→ **Data section**
________
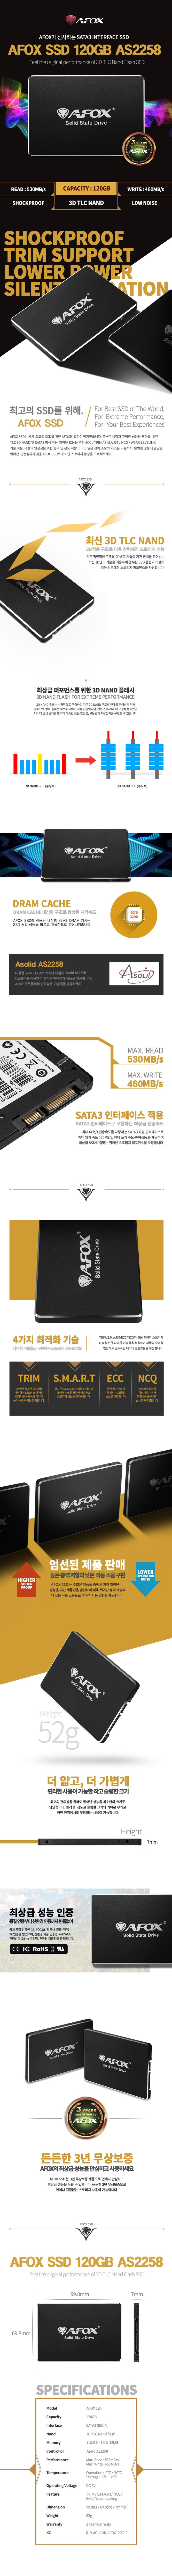 AFOX SSD 120GB AS2258.jpg
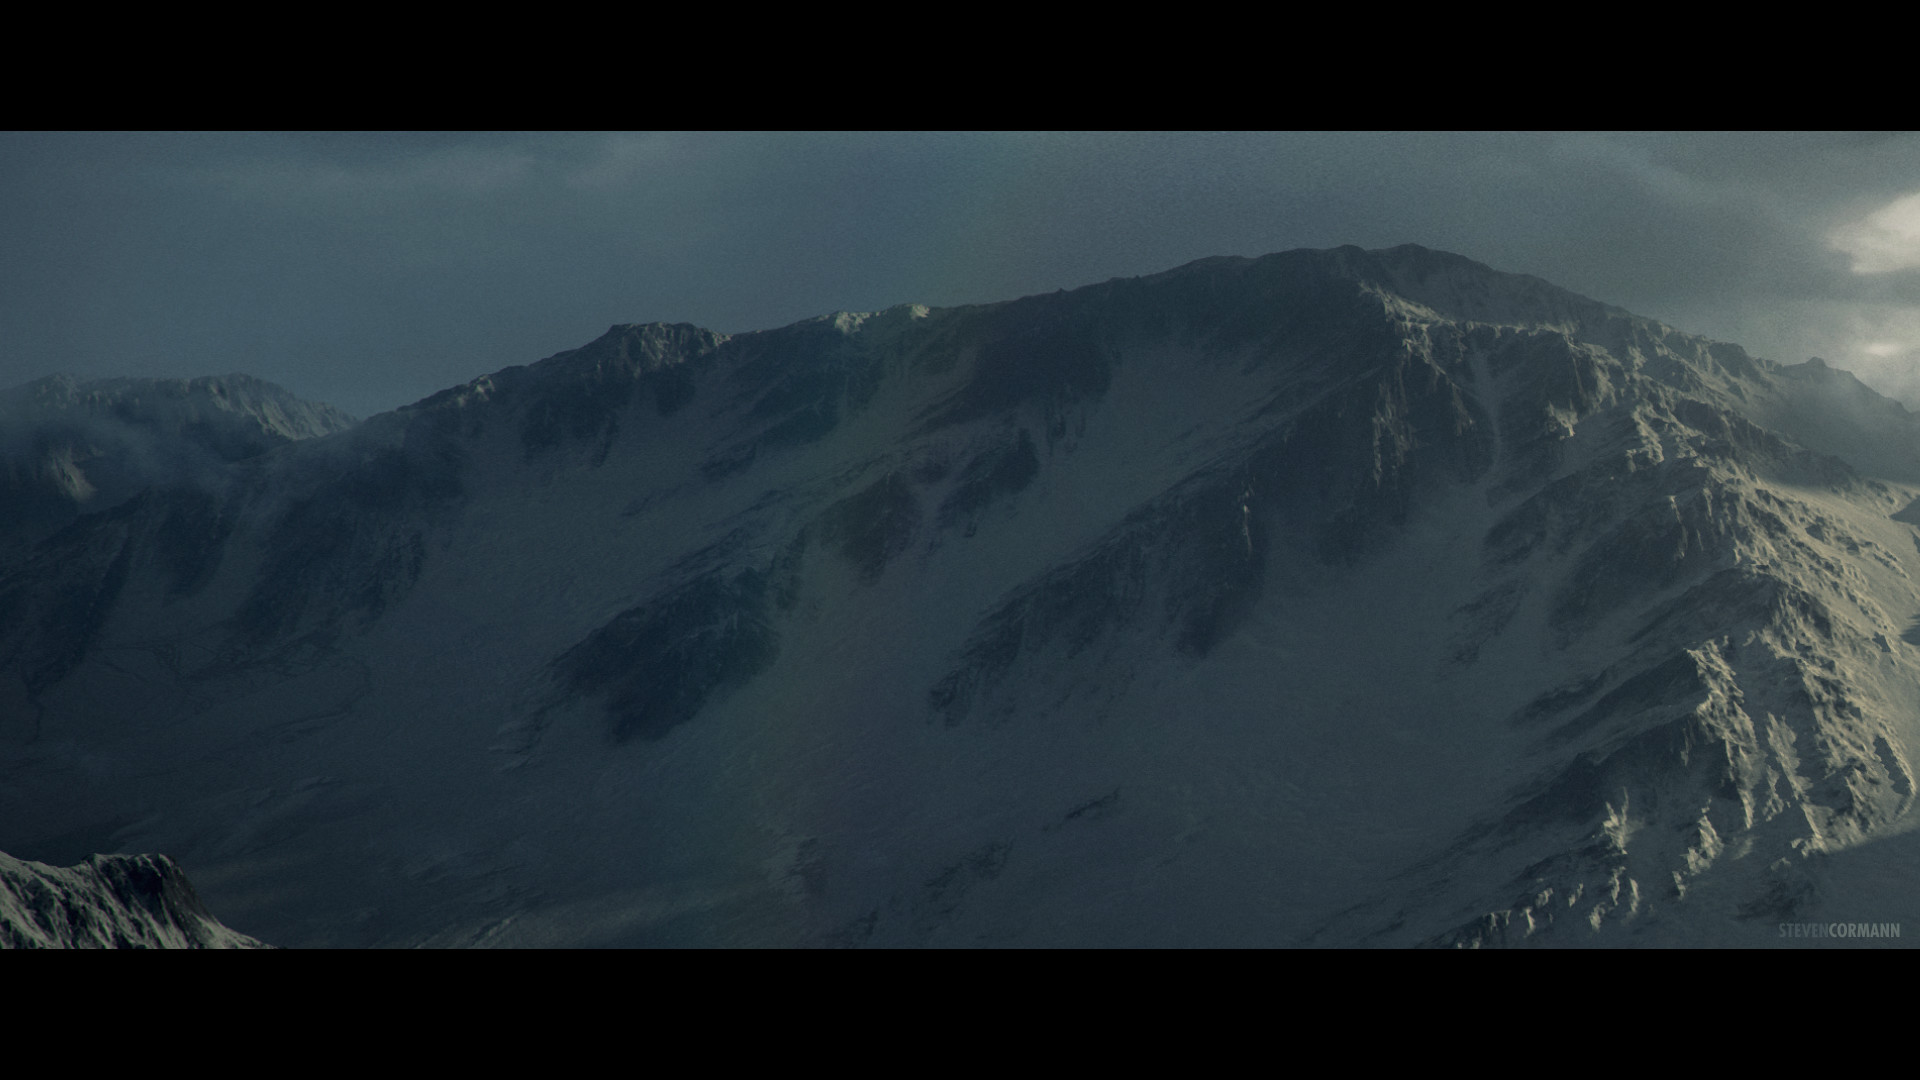 Steven cormann landscape03
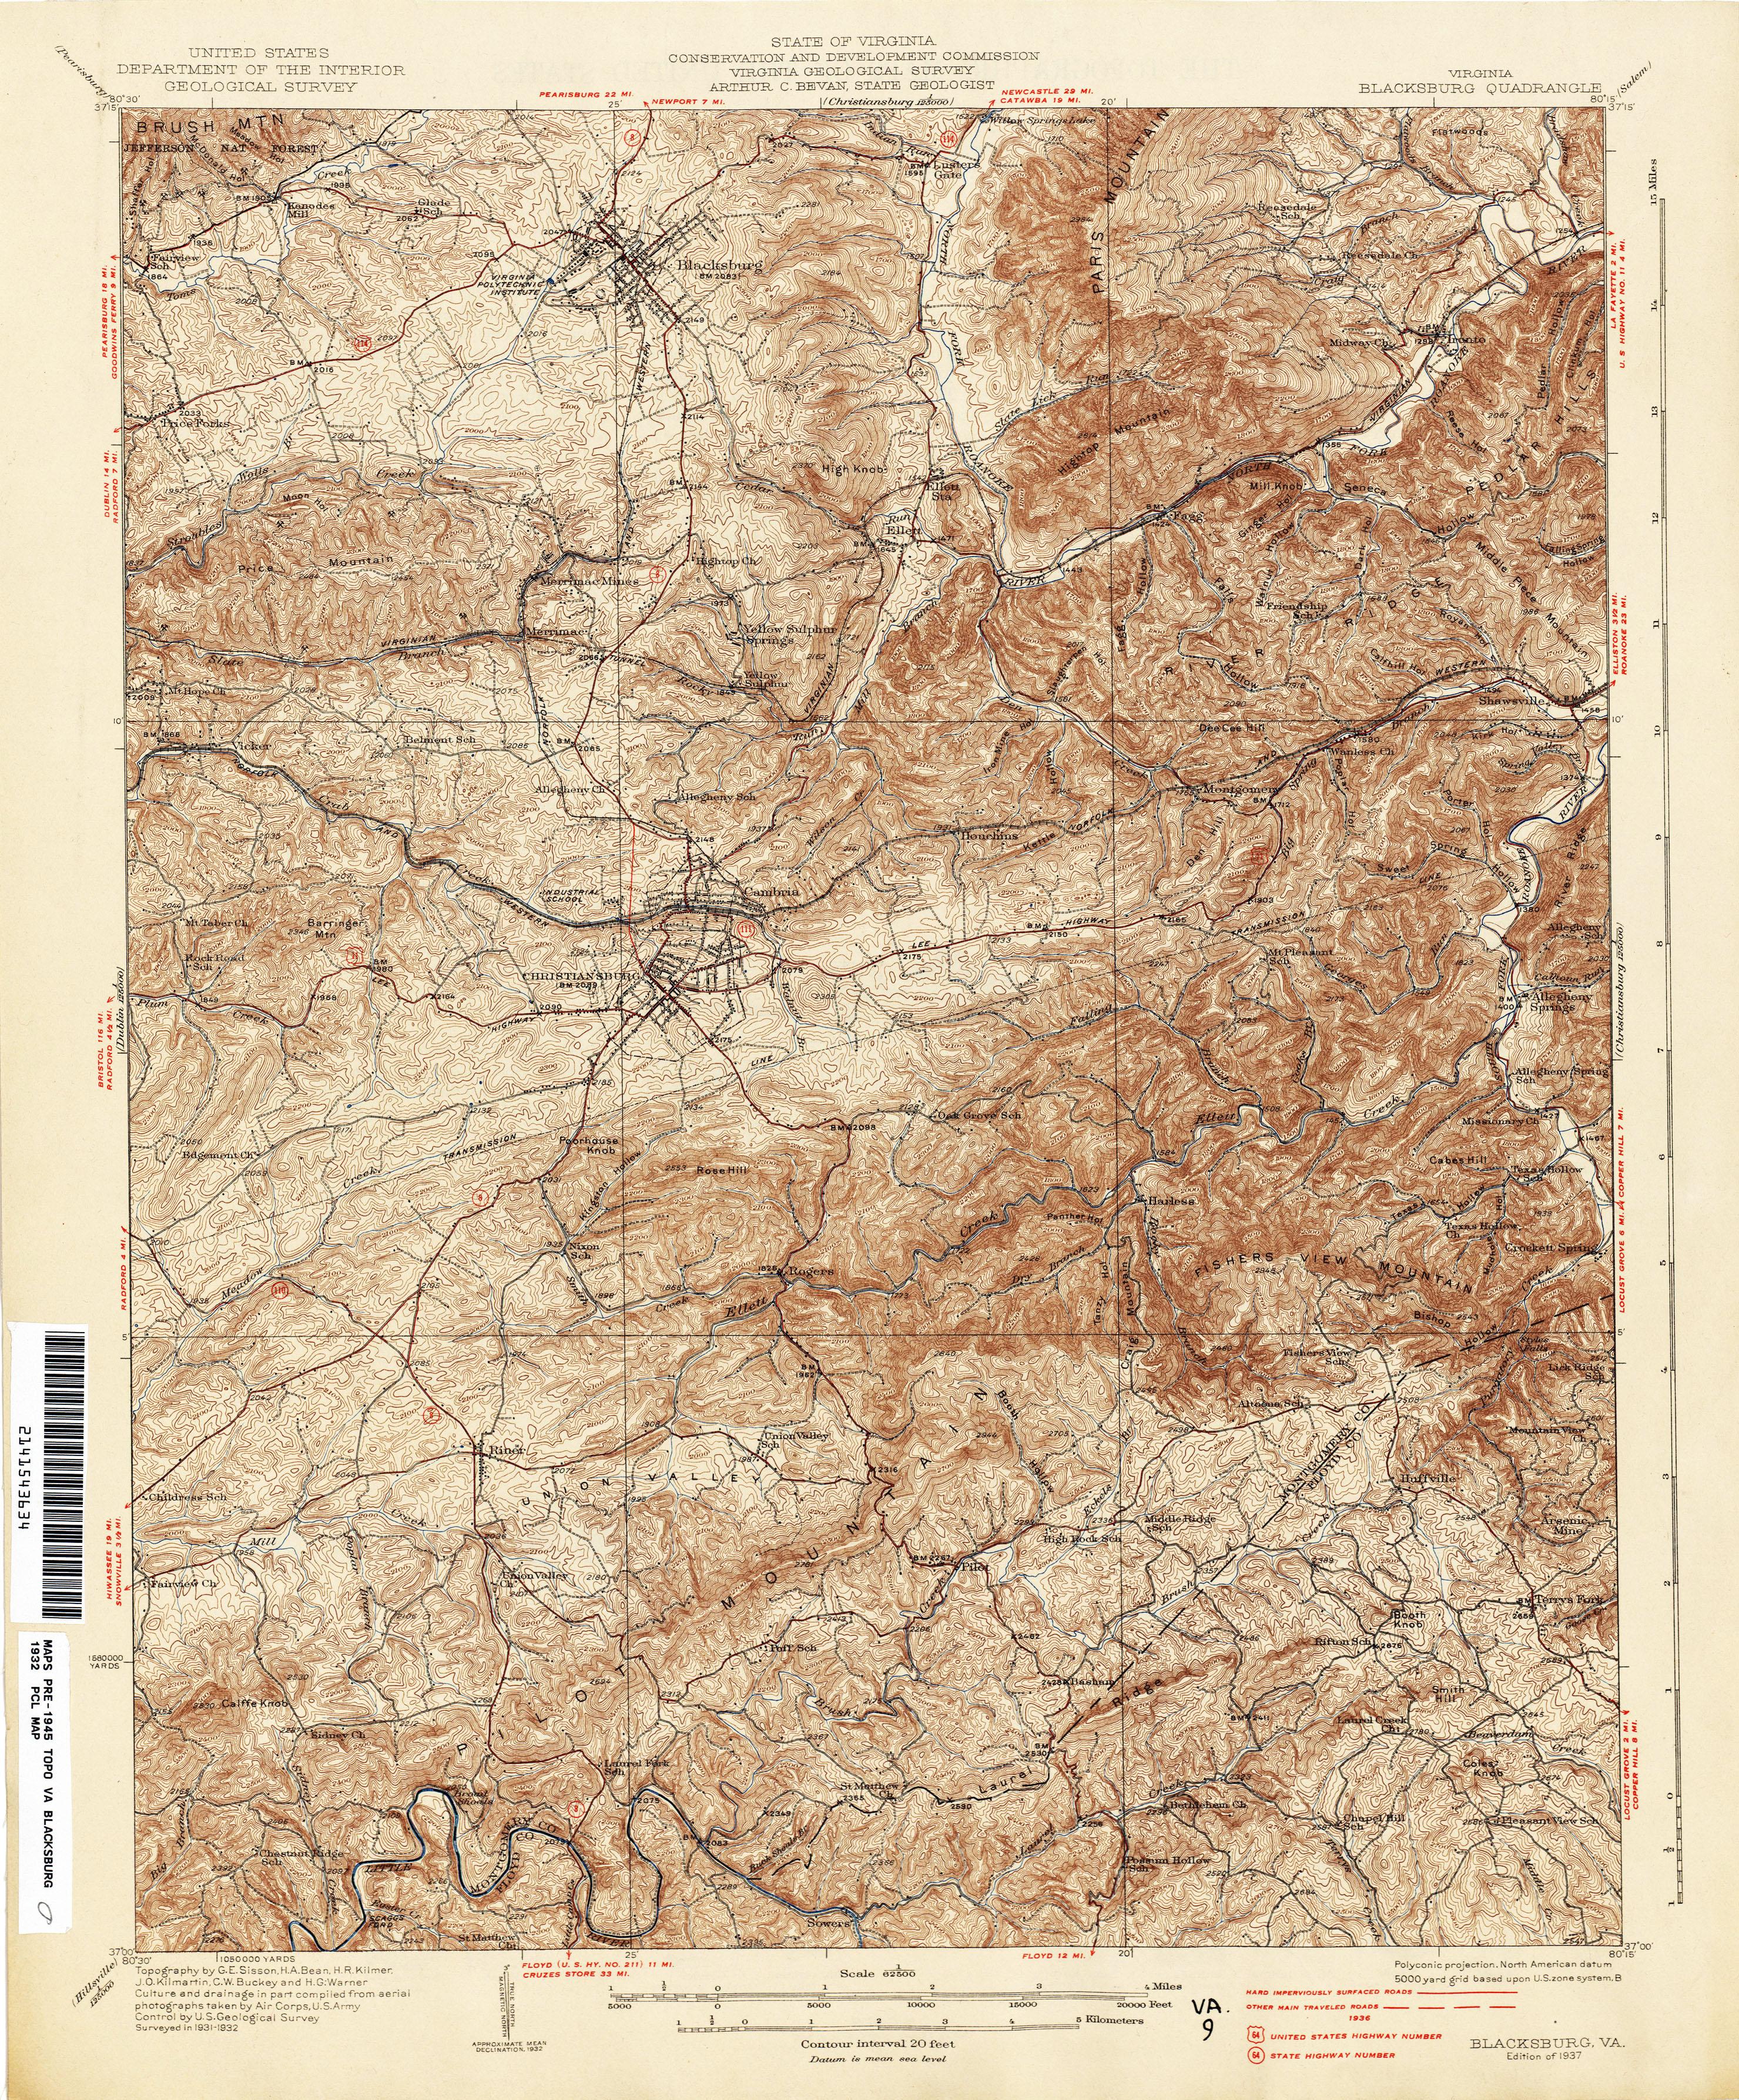 Virginia Historical Topographic Maps - Perry-Castañeda Map
________
→ **Task**
Nothing but the listing, copied exactly and stripped of its images, should appear in the response.

→ **Answer box**
 AFOX SSD 120GB AS2258.jpg
 Steven cormann landscape03
 Virginia Historical Topographic Maps - Perry-Castañeda Map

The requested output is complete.